Meller Artur, De Oliveira Saulo, Davtyan Aram, Abramyan Tigran, Bowman Gregory R, van den Bedem Henry
Department of Biochemistry and Molecular Biophysics, Washington University in St. Louis, St. Louis, MO, United States.
Medical Scientist Training Program, Washington University in St. Louis, St. Louis, MO, United States.
Front Mol Biosci. 2023 Apr 18;10:1171143. doi: 10.3389/fmolb.2023.1171143. eCollection 2023.
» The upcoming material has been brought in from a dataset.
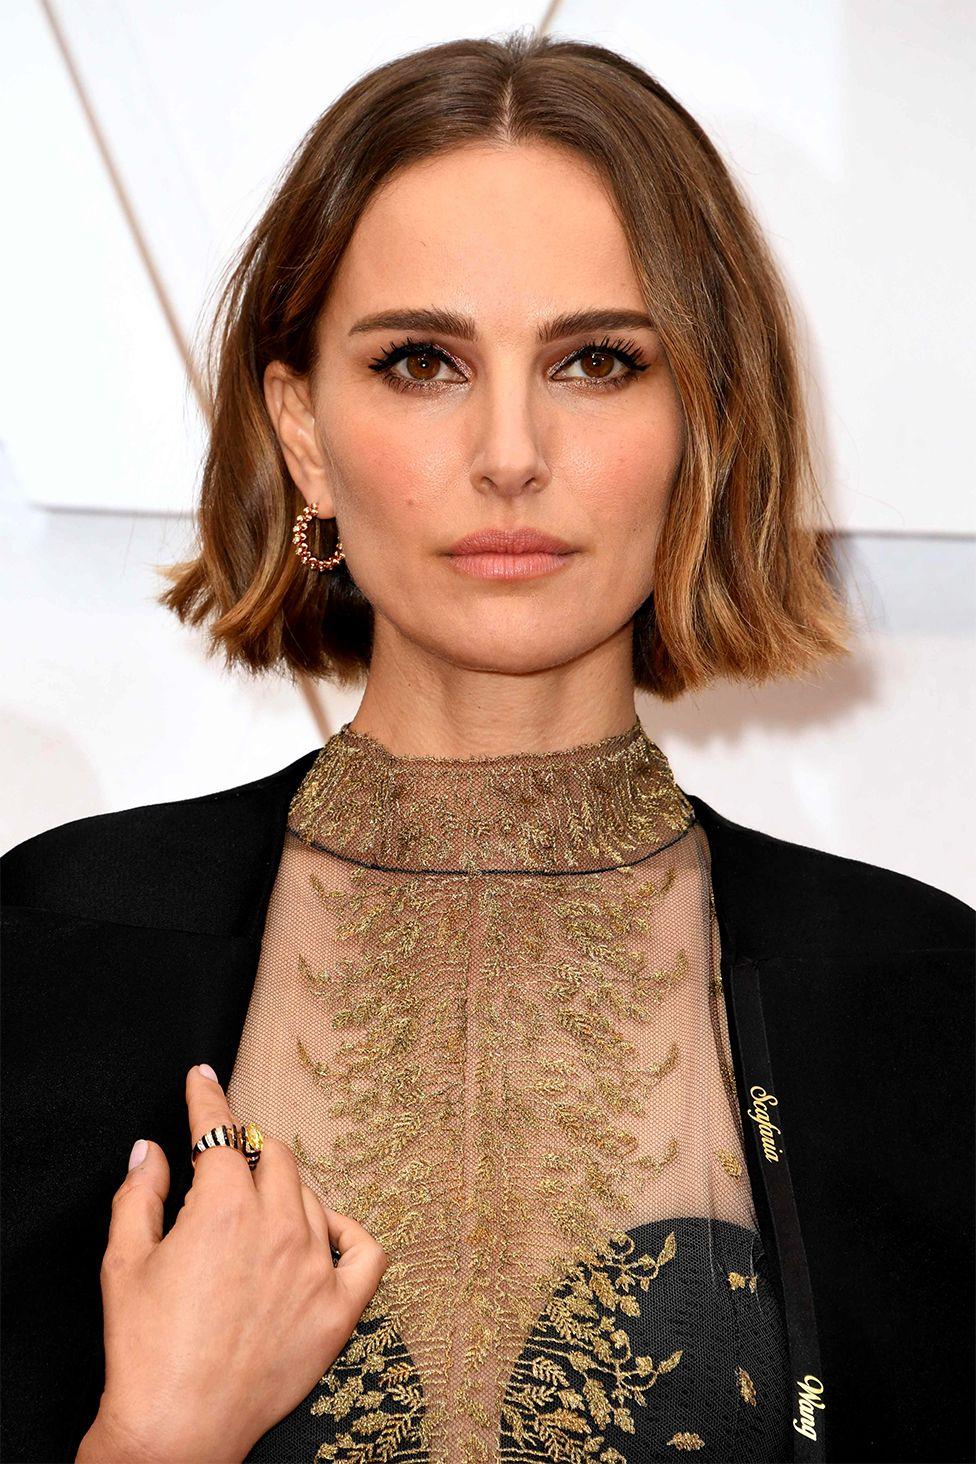 Natalie Portman on the red carpet

Virtual screening is a widely used tool for drug discovery, but its predictive power can vary dramatically depending on how much structural data is available. In the best case, crystal structures of a ligand-bound protein can help find more potent ligands. However, virtual screens tend to be less predictive when only ligand-free crystal structures are available, and even less predictive if a homology model or other predicted structure must be used. Here, we explore the possibility that this situation can be improved by better accounting for protein dynamics, as simulations started from a single structure have a reasonable chance of sampling nearby structures that are more compatible with ligand binding. As a specific example, we consider the cancer drug target PPM1D/Wip1 phosphatase, a protein that lacks crystal structures. High-throughput screens have led to the discovery of several allosteric inhibitors of PPM1D, but their binding mode remains unknown. To enable further drug discovery efforts, we assessed the predictive power of an AlphaFold-predicted structure of PPM1D and a Markov state model (MSM) built from molecular dynamics simulations initiated from that structure. Our simulations reveal a cryptic pocket at the interface between two important structural elements, the flap and hinge regions. Using deep learning to predict the pose quality of each docked compound for the active site and cryptic pocket suggests that the inhibitors strongly prefer binding to the cryptic pocket, consistent with their allosteric effect. The predicted affinities for the dynamically uncovered cryptic pocket also recapitulate the relative potencies of the compounds (τ = 0.70) better than the predicted affinities for the static AlphaFold-predicted structure (τ = 0.42). Taken together, these results suggest that targeting the cryptic pocket is a good strategy for drugging PPM1D and, more generally, that conformations selected from simulation can improve virtual screening when limited structural data is available.
虚拟筛选是药物发现中广泛使用的工具,但其预测能力会因可用结构数据的多少而有很大差异。在最佳情况下,配体结合蛋白的晶体结构有助于找到更有效的配体。然而,当只有无配体晶体结构可用时,虚拟筛选的预测性往往较差,如果必须使用同源模型或其他预测结构,则预测性更差。在这里,我们探讨了通过更好地考虑蛋白质动力学来改善这种情况的可能性,因为从单一结构开始的模拟有合理的机会采样与配体结合更兼容的附近结构。作为一个具体例子,我们考虑癌症药物靶点PPM1D/Wip1磷酸酶,一种缺乏晶体结构的蛋白质。高通量筛选已导致发现了几种PPM1D的变构抑制剂,但其结合模式仍不清楚。为了推动进一步的药物发现工作,我们评估了PPM1D的AlphaFold预测结构和基于该结构的分子动力学模拟构建的马尔可夫状态模型(MSM)的预测能力。我们的模拟揭示了两个重要结构元件(襟翼和铰链区域)之间界面处的一个隐秘口袋。使用深度学习预测每个对接化合物在活性位点和隐秘口袋处的姿态质量表明,抑制剂强烈倾向于结合到隐秘口袋,这与其变构效应一致。对动态发现的隐秘口袋的预测亲和力也比静态AlphaFold预测结构的预测亲和力(τ = 0.42)更好地概括了化合物的相对效力(τ = 0.70)。综上所述,这些结果表明,靶向隐秘口袋是针对PPM1D进行药物研发的一个好策略,更普遍地说,当可用结构数据有限时,从模拟中选择的构象可以改善虚拟筛选。